For --site-pi, the function of interest is output_per_site_nucleotide_diversity() in variant_file_output.cpp, and the code of interest is

for(unsigned int allele = 0; allele < N_alleles; allele++)
{
   int other_alleles_count = (total_alleles - allele_counts[allele]);
   mismatches += (allele_counts[allele] * other_alleles_count);
}

// pairs is the number of pairwise combinations.
int pairs = (total_alleles * (total_alleles - 1));
double pi = (mismatches/static_cast<double>(pairs));

So, given biallelic loci, this seems to be proportional to allele frequency, and we can calculate $\pi$ for a single position simply from the VCF annotations AC (alternate allele count) and AN (allele number).
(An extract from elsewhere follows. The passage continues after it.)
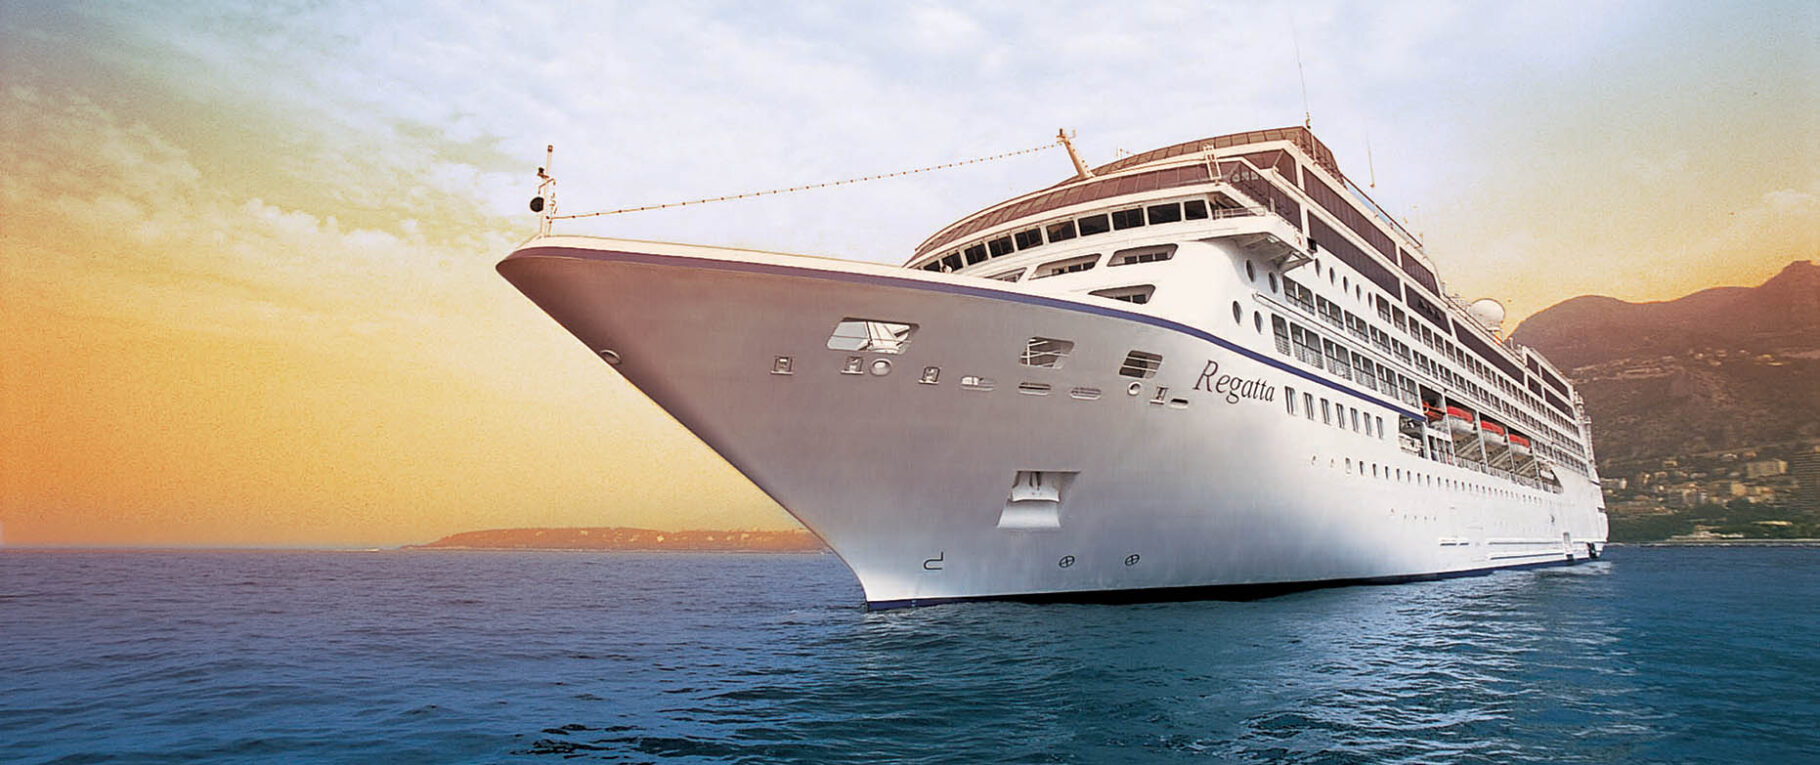 The Oceania Cruises Regatta ship on the water

This seems to use number of possible pairwise allelic combinations (which would be AN * (AN-1)) as the denominator and the number of comparisons that would not be equivalent (i.e. mismatches) when comparing all pairwise combinations (which would be AC * (AN - AC) + (AN - AC) * AC).

So, for this variant:
chromosome_1    186     .       G       T       546.80  PASS    AC=4;AF=0.040;AN=100;DP=750;FS=0.000;GQ_MEAN=39.08;GQ_STDDEV=36.12;InbreedingCoeff=0.6092;MQ=60.00;MQ0=0;NCC=4;QD=27.34;SOR=2.531;VQSLOD=12.99;culprit=FS

$\pi = ( 4 * (100 - 4) + (100 - 4) * 4 ) / (100 * (100 - 1)) = 0.0775758 $

As far as I can tell, the single-site $\pi$ shouldn't go beyond 0.5 for practical applications with meaningfully large population samples (though you'll note that one heterozygous individual will give a $\pi$ of 1).
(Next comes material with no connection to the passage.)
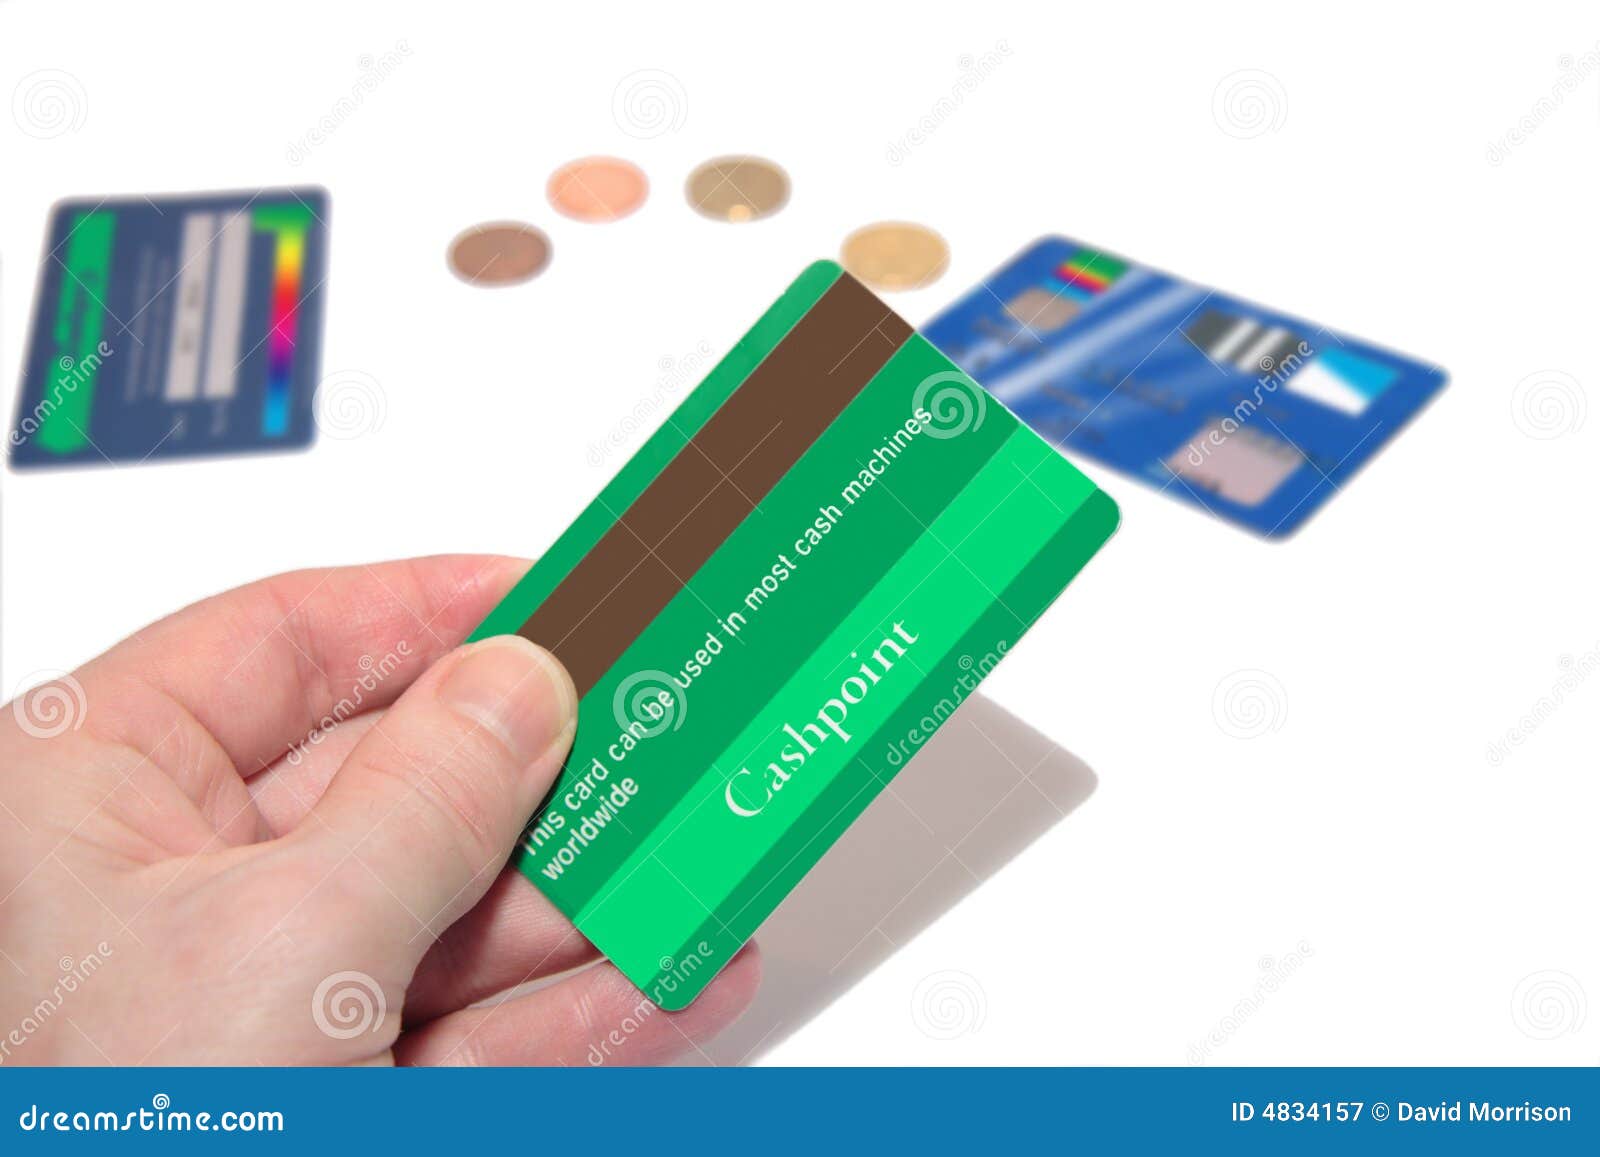 fake-green-credit-card-4-royalty-free-stock-photography-image-4834157

Okay, so what about the --window-pi option? The function of interest in vcftools is output_windowed_nucleotide_diversity(), and it's basically the same thing as the single site calculation except it considers the monomorphic sites in the window as well:

N_pairs = bins[CHROM][s][N_variant_site_pairs] + (N_monomorphic_sites * N_comparisons);
pi = bins[CHROM][s][N_mismatches] / double(N_pairs);

So, suppose we have the window 201 - 300 and the variants:
chromosome_1    275     .       C       T       7509.57 PASS    AC=20;AF=0.196;AN=102;DP=968;FS=0.000;GQ_MEAN=50.00;GQ_STDDEV=44.84;InbreedingCoeff=0.9368;MQ=60.00;MQ0=0;NCC=3;QD=31.29;SOR=1.456;VQSLOD=12.40;culprit=FS
chromosome_1    291     .       T       A       1247.11 PASS    AC=4;AF=0.040;AN=100;DP=945;FS=0.000;GQ_MEAN=45.96;GQ_STDDEV=32.66;InbreedingCoeff=0.8539;MQ=60.00;MQ0=0;NCC=4;QD=29.00;SOR=1.455;VQSLOD=12.26;culprit=FS

This time we also consider the monomorphic sites in the calculation (though this calculation doesn't seem to gracefully consider an absence of read data), which increases the number of pairs that are considered. This time around, our number of pairwise comparisons is the number of pairwise comparisons for the variant sites (for each variant, sum (AN * (AN - 1))) plus the number of monomorphic sites (2 variants, so 98 sites were non-variant in the 100 bp window) times the number of pairwise chromosome comparisons (in this example, there were 52 samples, so it was 104 * 103). So we have:

$nPairs = ( 102 * (102 - 1) + 100 * (100 - 1) ) + (100 - 2) * (104 * (104 - 1)) = 1069978 $

And the number of mismatches is the same as before except summed for each variant (i.e. AC * (AN - AC) + (AN-AC) * AC):

$nMismatches = (20 * (102 - 20) + (102 -20) * 20) + (4 * (100 - 4) + (100 - 4) * 4) = 4048 $

So $\pi$ for this 100 bp window is:

$\pi = 4048 / 1069978 = 0.0037832554 $

Okay, so as far as I can tell, $\pi$ is proportional to how many variants are present (for the window-based calculation) and increases as minor allele frequency grows (for both). That seems like an appropriate metric to describe how much nucleotide diversity is present at a given locus in a given population.